Skald:
Is Character Entities the same as ISO Entities ? I only ask as jase has previously said ISO Entities were supported, and it looks like Character Entities is a rather large extension on that set. Though I'm blissfully ignorant on the matter and they may very well be one and the same. :>
The more I dig on this subject, the more it seems to be related to HTML and XML. Short answer: it probably depends.
Since what we use here for formatting is a variant/subset of HTML mixed with BBCode (specifically RuBB Code), jase (or any moderator with access to the source code) would have to be the authority concerning what is and is not supported.
Whether we are supporting ISO, UTF, or what could change as time marches on. HTML 4.0, for example, supports UTF-8 by default, where HTML 5 supports both UTF-8 and UTF-16.
In all honesty, after a quick search of the WWW I'm still not sure. I know that ISO defines code pages supporting different languages, and that the Unicode Consortium defines a character set that may have multiple bytes representing one character as a sort of "one ring to rule them all" (and that's a gross oversimplification by way of metaphor)

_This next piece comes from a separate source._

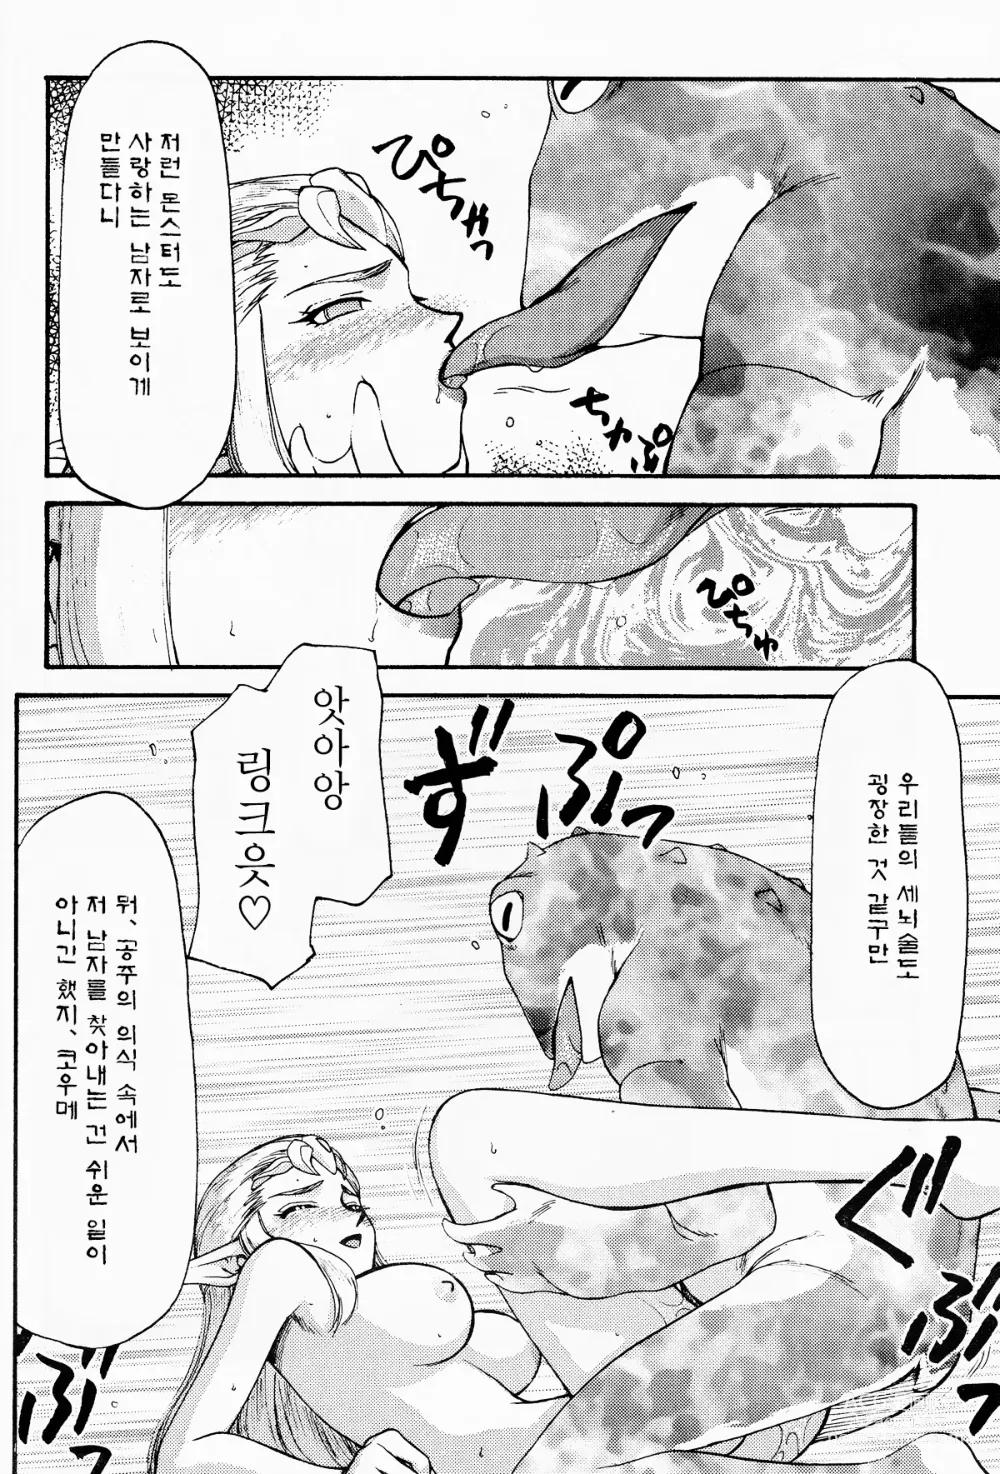 Page 19 of doujinshi NISE Zelda no Densetsu Shinshou

There's a decent article at:
https://www.ahuka.com/?page_id=121
A more rigorous discussion encompassing all character sets in use in HTML is at:
https://www.w3schools.com/charsets/default.asp
It pertains mainly to HTML, and makes mention of code page selection at the head of an HTML document. This selection line takes the form:
<meta http-equiv=”Content-Type” content=”text/html; charset=iso-8859-1″>
That
charset= parameter defines the character set as ISO 8859-1 (Western Europe aka Latin1 and several other aliases exist, muddying the waters further.)
If, indeed, we are using ISO 8859-1 encoding for RPoL, then the character entities we would have to use would be drawn from that set.
If we are using Unicode, things get a whole lot messier in some respects, and a whole lot clearer in others (at least from my standpoint).
The Unicode character set is freakin' huge! Fortunately, it encapsulates ASCII (which uses one byte to represent each charcter) as the first 127 characters, so ASCII works the same in Unicode. ISO 8859-1 also does this, so ASCII text works the same in all three environments, thank Gawd!